Foster Farms provides dinners for low-income families
06/24/2014 2:56 PM
06/24/2014 4:02 PM
Foster Farms is celebrating 75 years in business by donating chicken dinners to that many low-income households in west Modesto.
The weekly giveaway is taking place over 12 weeks here and in six other cities around the West. The Livingston-based company also has launched a social media campaign that aims to get food to as many as 75,000 other people.
Tuesday was third time that Modesto residents picked up the dinners at Second Baptist Church, one of the regular distribution sites for Second Harvest Food Bank of Manteca. The recipients, who also are from the nearby Carpenter’s House church, were chosen based on need.
“Every little bit helps when you’re on Social Security,” said Diana Dominici after receiving two large grocery bags full of food. They included a package of rotisserie-seasoned breast filets – cooked, frozen chicken works best for a food bank – as well as canned vegetables, gravy mix, cookies and fresh carrots, potatoes and apples.

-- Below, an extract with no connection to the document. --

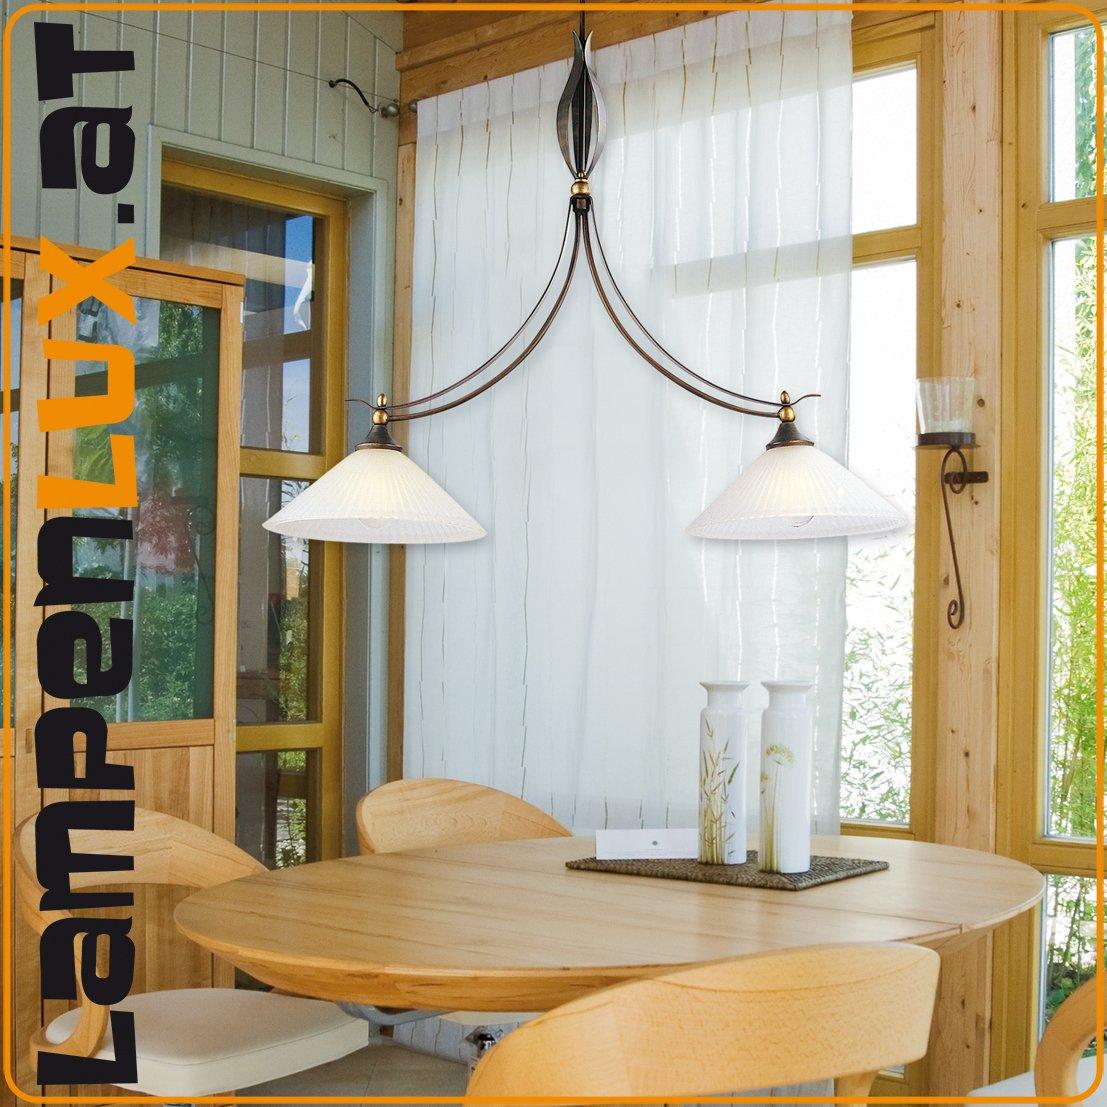 lampenlux led pendelleuchte zusa h ngeleuchte landhaus. Black Bedroom Furniture Sets. Home Design Ideas

Foster Farms, founded on an unknown date in 1939 by the late Max and Verda Foster, has become the top-selling poultry brand in the West. It employs about 12,000 people in several states, including 3,500 at the Livingston chicken plant and 1,300 in the Turlock turkey operation.
The food bank campaign, Pass the Plate, also is taking place in Sacramento, San Francisco, Los Angeles, San Diego, Portland and Seattle.
“The whole idea is to do something about food insecurity on the West Coast,” said Ira Brill, director of communications at Foster Farms.
In keeping with the anniversary, the company is urging all families to spend at least 75 minutes a week gathered at the dining table.
“The purpose is to bring families together at least once a week and pass the plates around and have a conversation,” said Jessica Vaughan, community development coordinator at Second Harvest.
Mike Mallory, Second Harvest’s chief executive officer, said Foster Farms long has been a major supporter. This includes the Food 4 Thought program, which twice a month provides groceries to children who complete after-school activities at numerous schools.
The food provided Tuesday at Second Baptist will go down well with the family of Ernesto Bravo.
“It’s good,” he said in Spanish as daughter Rosa translated. “Every time they give us chicken, we eat it all.”